One-sentence summary: Pretraining teaches a model to predict text; RLHF and DPO teach it to predict what you actually wanted.
29.1 Why Alignment Exists
29.1.1 The Original Sin of Pretraining
Imagine spending tens of millions of dollars and thousands of GPU-months training a 175B-parameter language model. It can continue any text fluidly. It has read most of the written internet. Its knowledge is vast.
Then you type: "How do I make fried rice?"
It replies:
How to make fried rice? This is an excellent question. Fried rice has a rich
culinary history spanning several thousand years...
[500 words of history follow]
...and that is why fried rice remains a cornerstone of global cuisine.
Related questions you might consider:
1. How does day-old rice change the texture?
2. What is the caloric content?
3. Which soy sauce is recommended?
The model did not answer your question. It continued internet-style text about your question. That is exactly what next-token prediction optimizes for.
This is the first of three core problems with pretrained-only models.
29.1.2 Three Problems with Unaligned Models
1. Not Helpful
Pretraining optimizes for "predict the next token given the training distribution." That distribution is web text, books, and code — not Q&A transcripts where an expert actually answers the question asked.
A prompt like "write a poem about spring" might produce a paragraph discussing famous spring poems, rather than a poem.
2. Not Harmless
The internet contains harmful content. If a model is trained on it without filtering, it learned that harmful content exists in certain contexts and can reproduce it. Ask directly enough, and a raw pretrained model will often comply.

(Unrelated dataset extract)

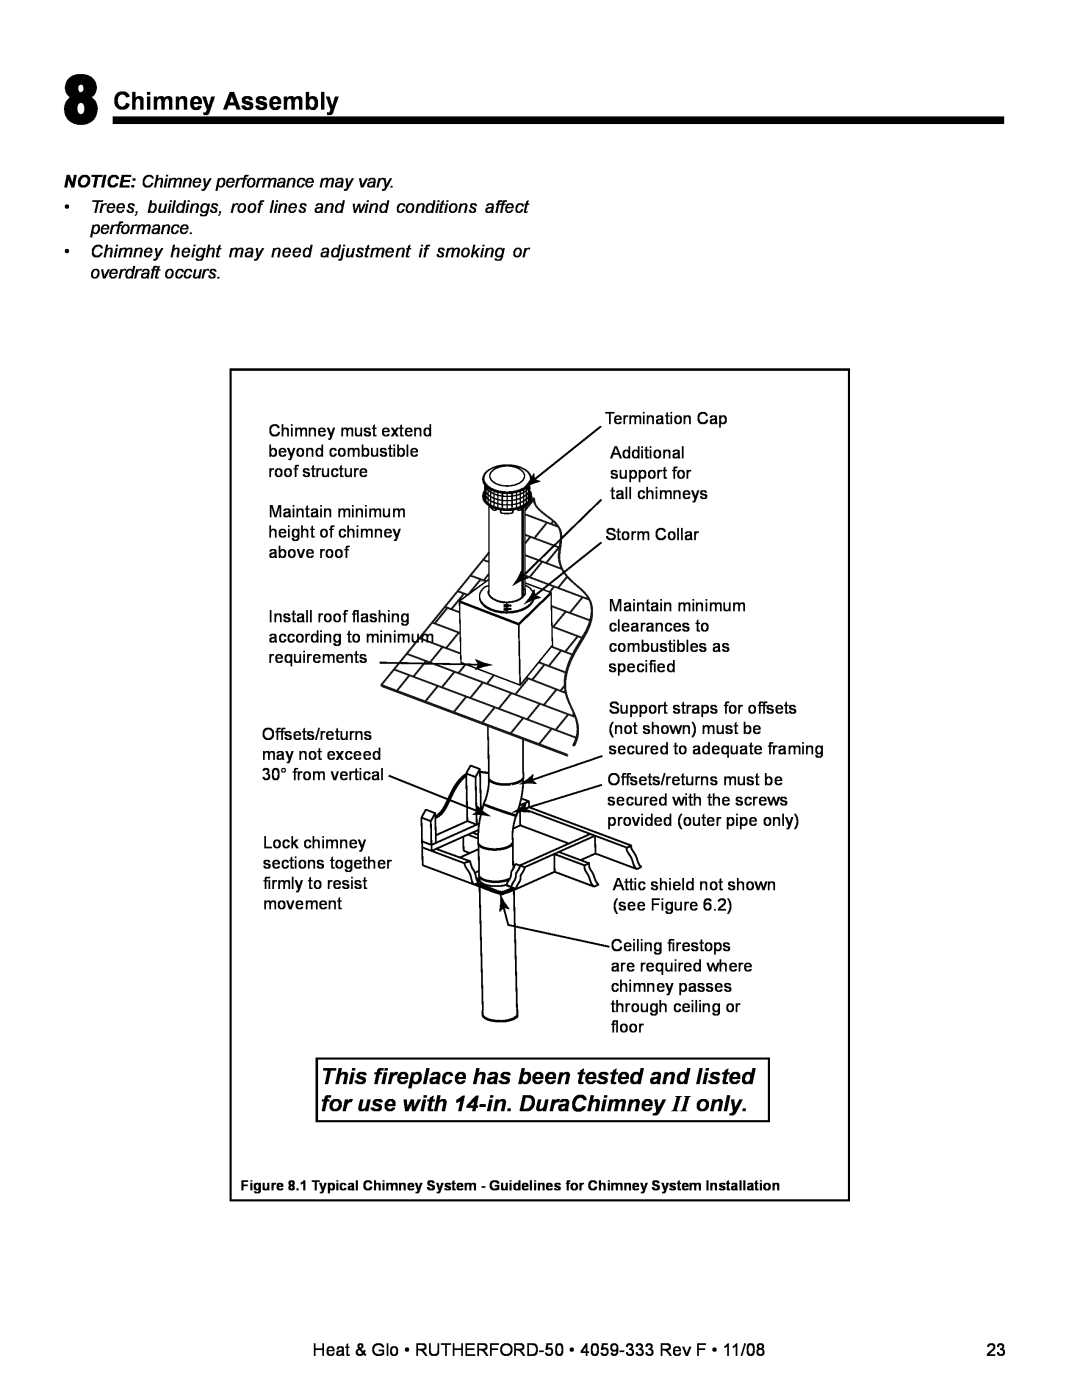 Hearth and Home Technologies RUTHERFORD-50 owner manual Chimney Assembly, NOTICE Chimney performance may vary 
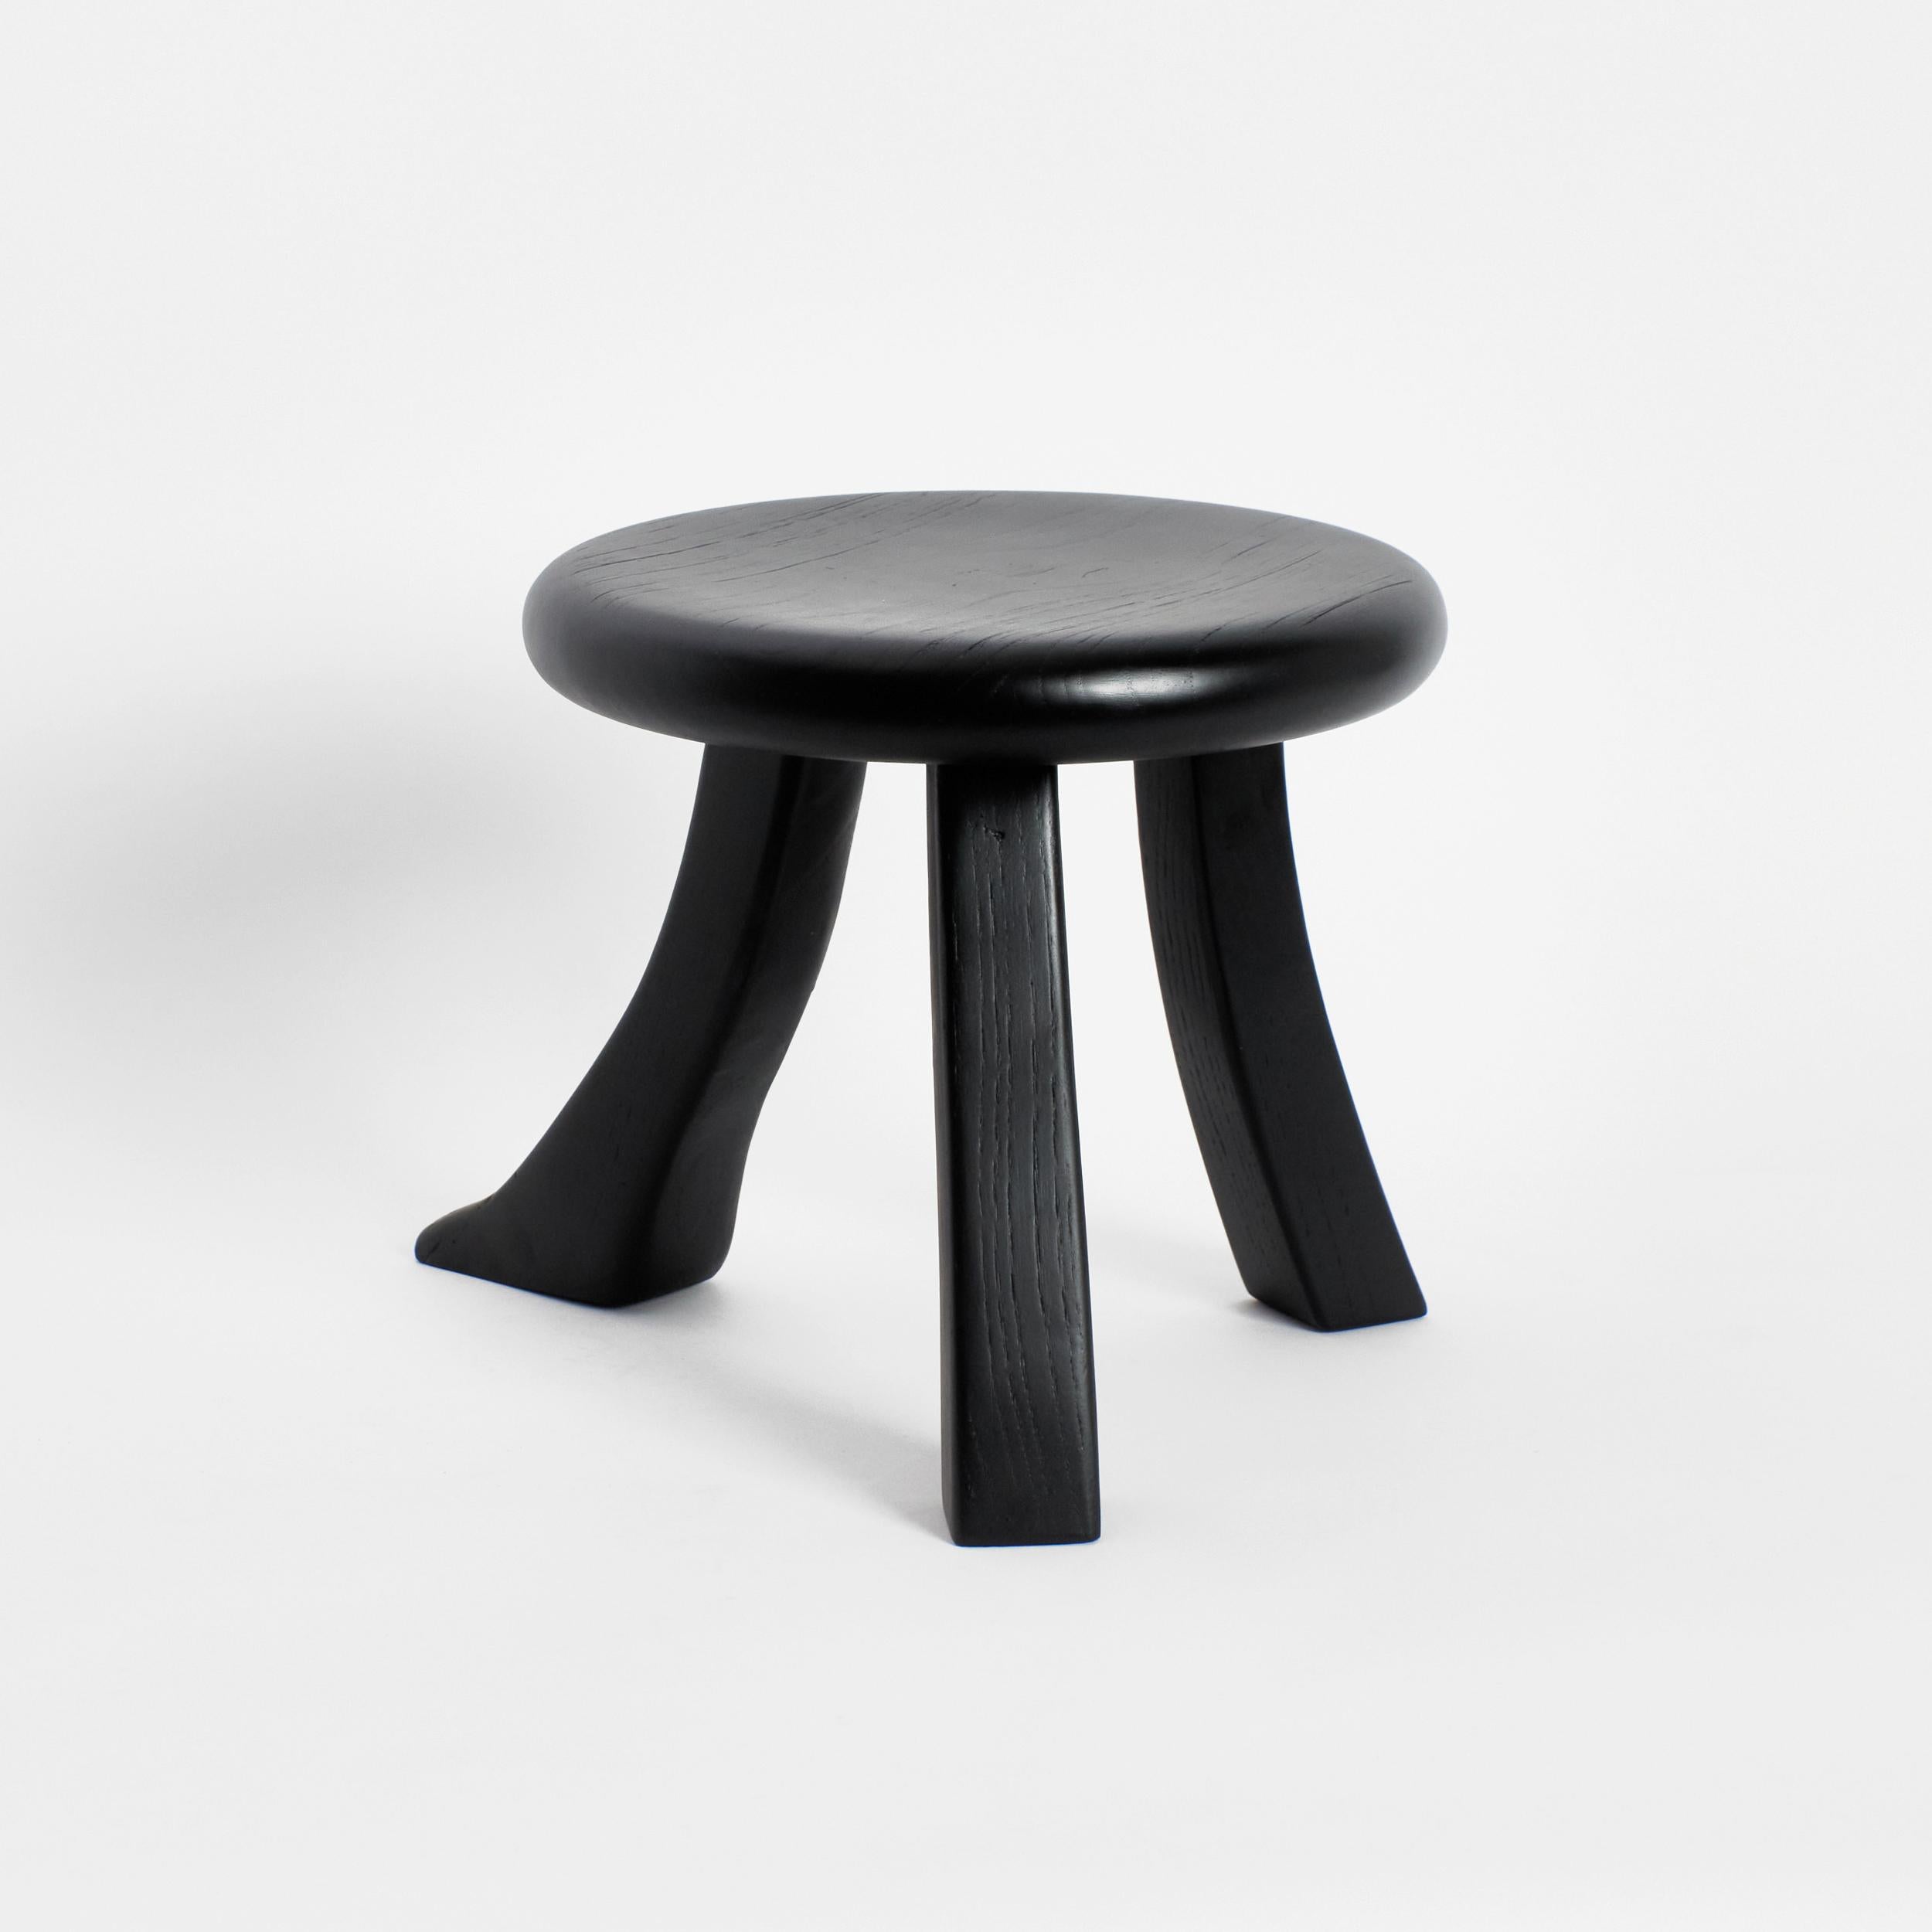 Portuguese Foot Stool in Black For Sale

3. Not Honest (Hallucination)
Models are trained to produce fluent, confident-sounding text. They have no explicit mechanism to say "I do not know." The result is hallucination — confident fabrication:
User: When did Einstein win the Nobel Prize in Chemistry?
Model: Einstein won the Nobel Prize in Chemistry in 1925 for his work on
organic reaction mechanisms...
Einstein won the Physics prize in 1921 for the photoelectric effect. The model produced a plausible-sounding wrong answer because confident prose is what training rewarded.
29.1.3 The HHH Goal
Anthropic codified the alignment target as three properties, often called HHH:
| Property | Meaning |
|---|---|
| Helpful | Understand what the user actually wants and answer it |
| Harmless | Refuse genuinely dangerous requests without being paranoid |
| Honest | Acknowledge uncertainty rather than confabulate |
These seem obvious. Making a model satisfy all three simultaneously, without trading one against another, is the hard part.
29.1.4 InstructGPT: The Proof of Concept
In 2022, OpenAI published the InstructGPT paper. The result was counterintuitive: a 1.3B-parameter model fine-tuned with RLHF was preferred by human raters 71% of the time over the 175B GPT-3 responding to the same prompts.
Human preference comparison:
InstructGPT-1.3B preferred 71% of the time
GPT-3-175B preferred 29% of the time
A model 130 times smaller, evaluated as substantially better. The gap was not about knowledge or parameter count — it was about alignment. ChatGPT is essentially GPT-3.5 with this same RLHF pipeline applied.
29.2 The RLHF Pipeline
29.2.1 Three Stages
RLHF has three sequential stages. Each builds on the previous:
Stage 1: Supervised Fine-Tuning (SFT)
Input: (prompt, human-written response) pairs
Output: SFT model that knows the Q&A format
Stage 2: Reward Model (RM) Training
Input: (prompt, response_A, response_B, preference) tuples
Output: a scoring model that predicts human preference
Stage 3: RL Optimization via PPO
Input: prompts + RM feedback signal
Output: the aligned policy model
29.2.2 Stage 1: Supervised Fine-Tuning
The goal here is modest: get the model to respond in a helpful format at all.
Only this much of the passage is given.